## TO DO
In the entries below, find the line with "Portugal: Festival da" and the line with "Ideasoft, Düzce Üniversitesi"; reproduce those two lines and all lines between them exactly, without pictures.

## EXCERPTED DATA
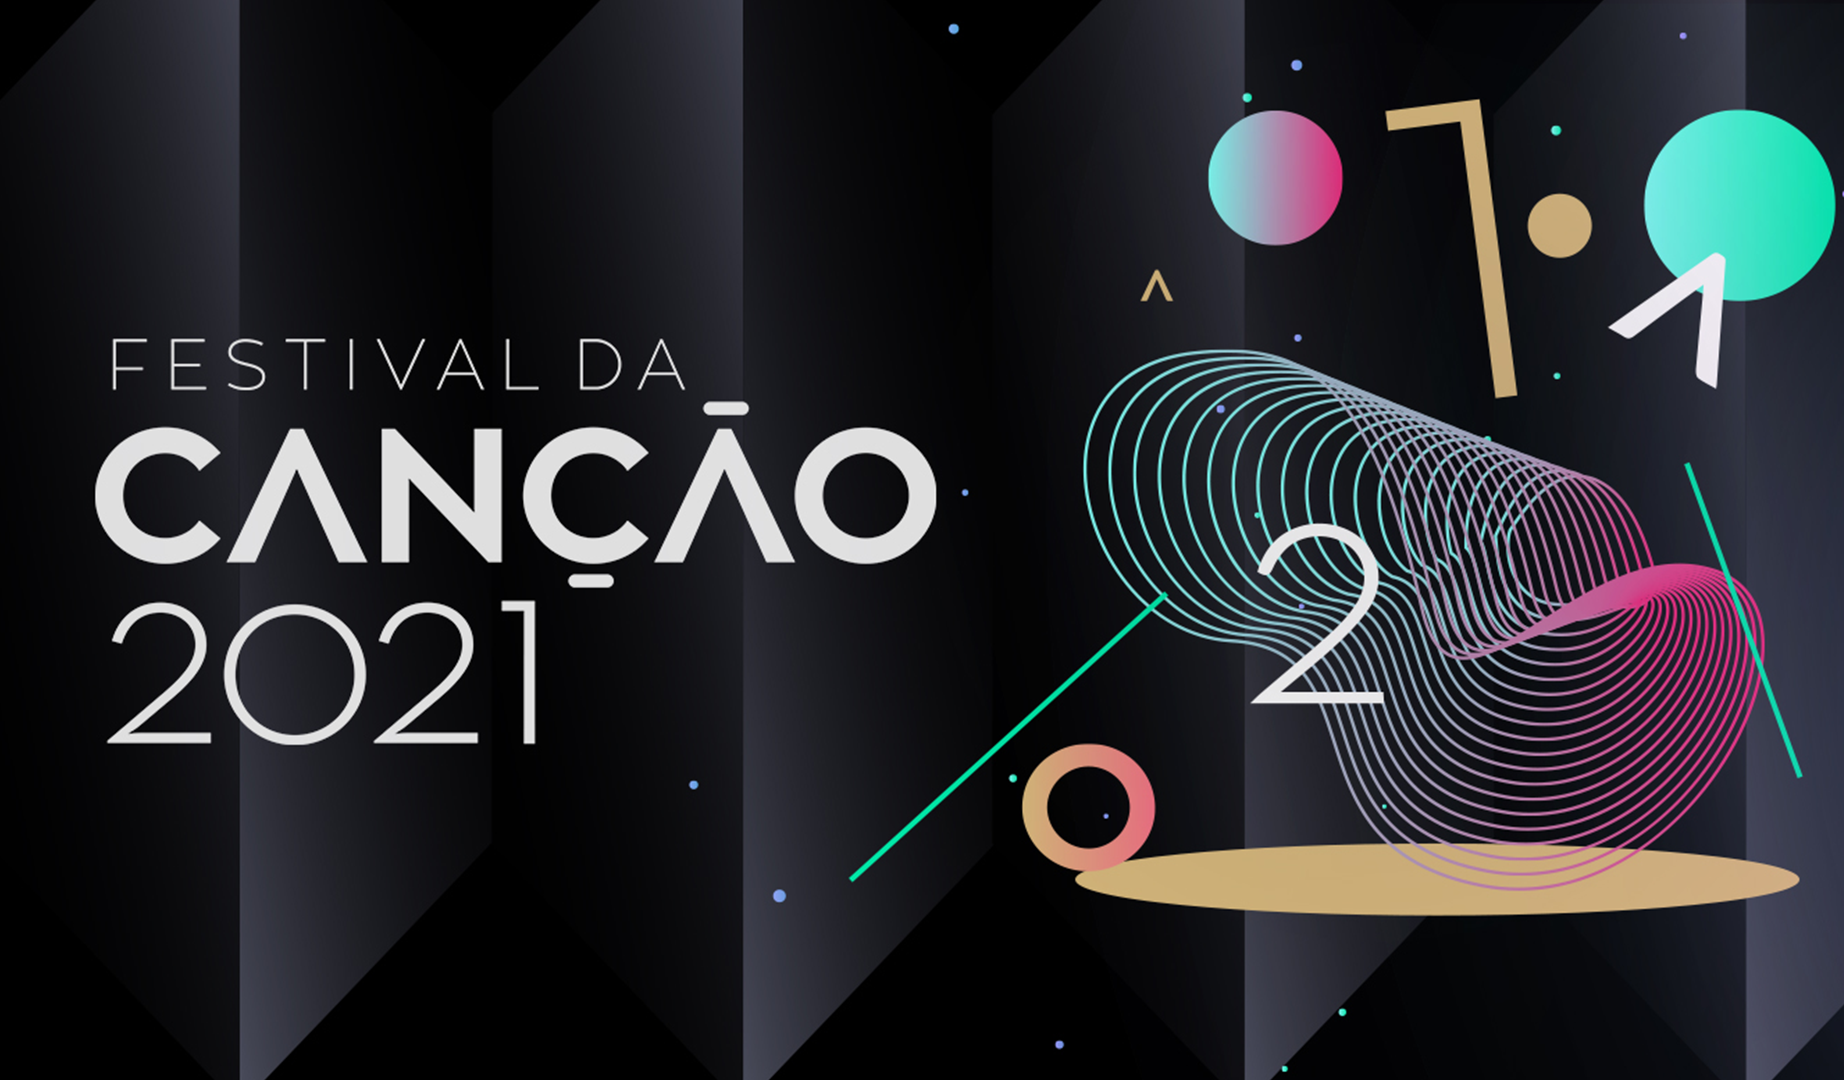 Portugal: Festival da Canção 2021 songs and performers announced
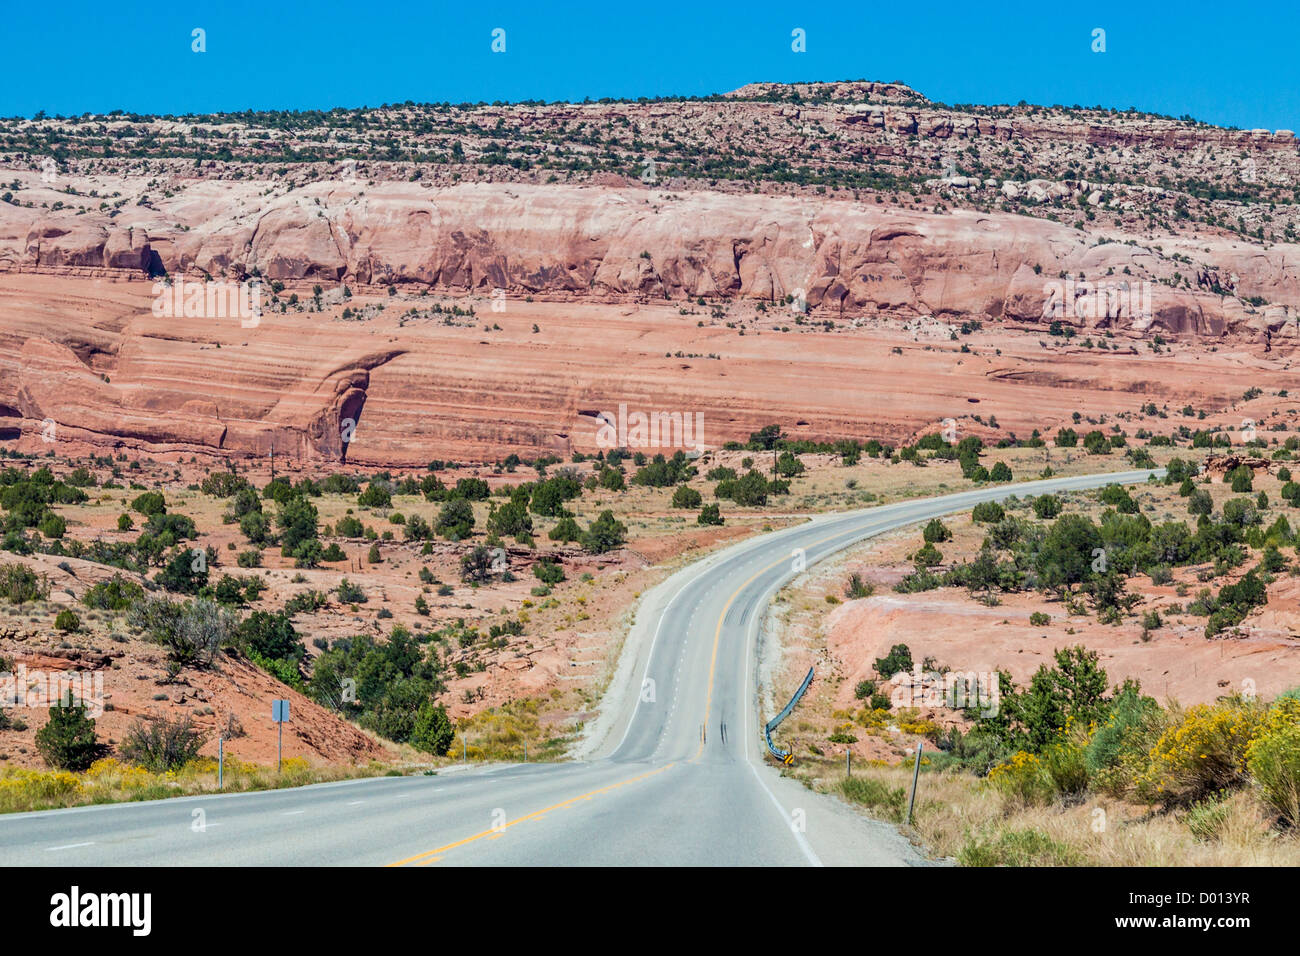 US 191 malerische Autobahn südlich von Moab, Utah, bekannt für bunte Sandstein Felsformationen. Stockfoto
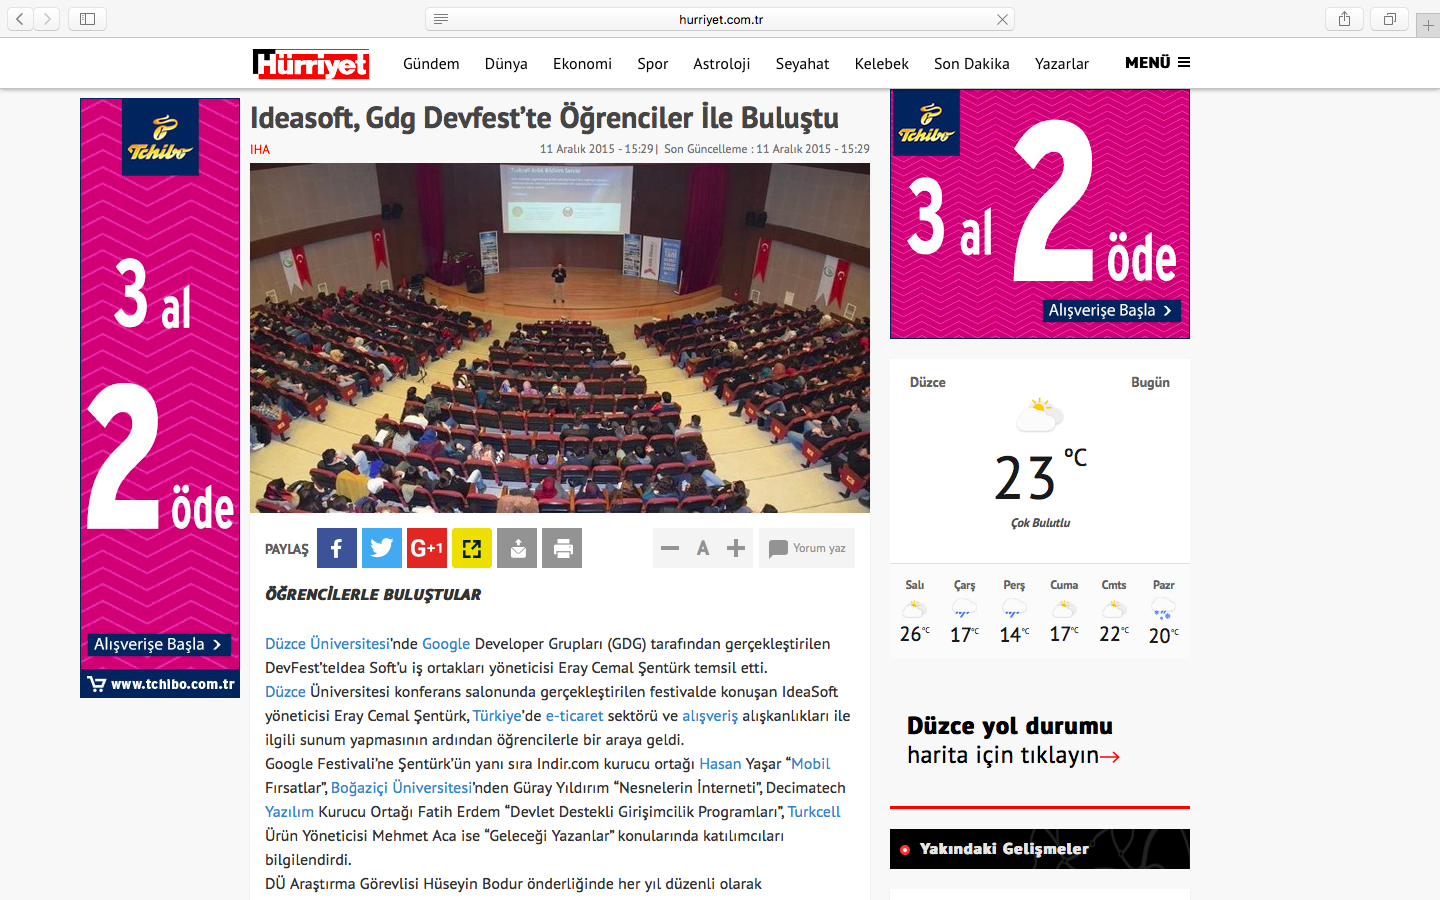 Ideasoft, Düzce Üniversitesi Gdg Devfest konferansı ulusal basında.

...

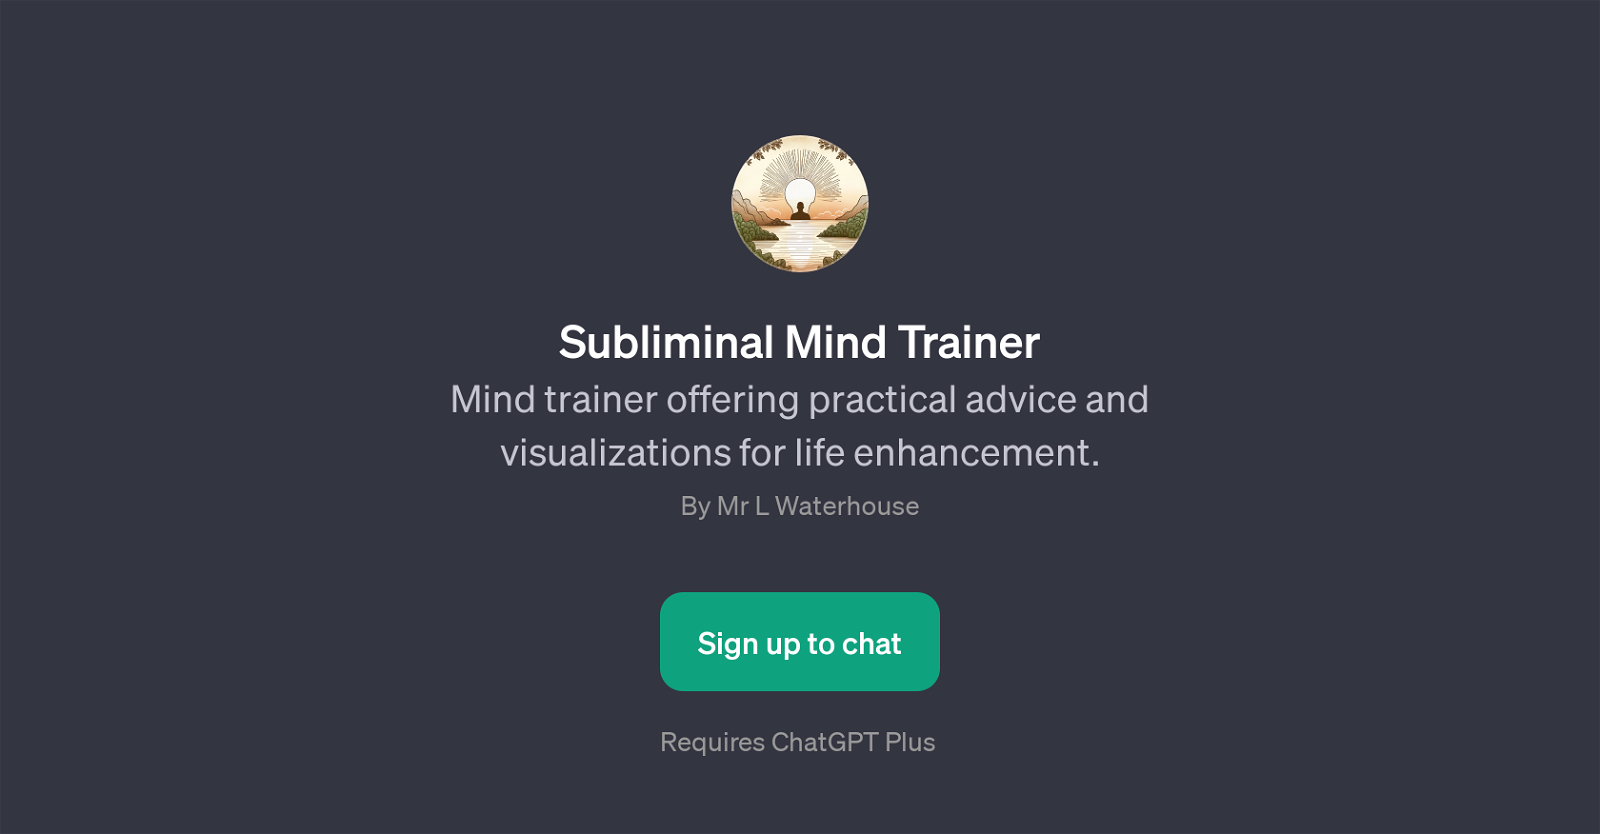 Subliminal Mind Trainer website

...

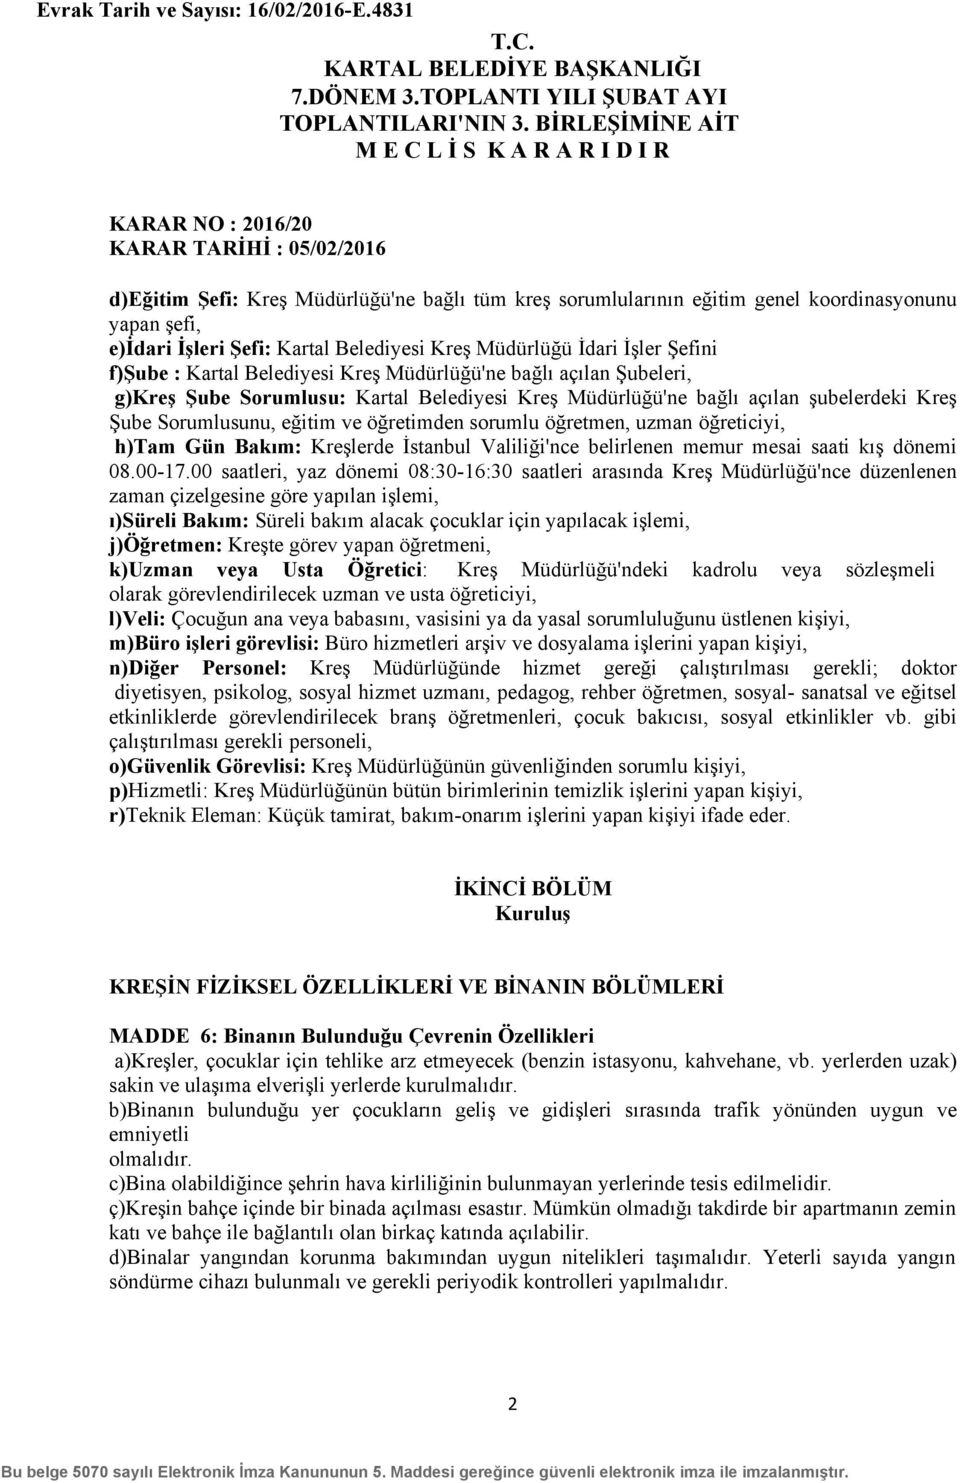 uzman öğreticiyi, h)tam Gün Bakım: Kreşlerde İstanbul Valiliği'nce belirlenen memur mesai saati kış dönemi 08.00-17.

## PROBLEM SOLUTION
 Portugal: Festival da Canção 2021 songs and performers announced
 US 191 malerische Autobahn südlich von Moab, Utah, bekannt für bunte Sandstein Felsformationen. Stockfoto
 Ideasoft, Düzce Üniversitesi Gdg Devfest konferansı ulusal basında.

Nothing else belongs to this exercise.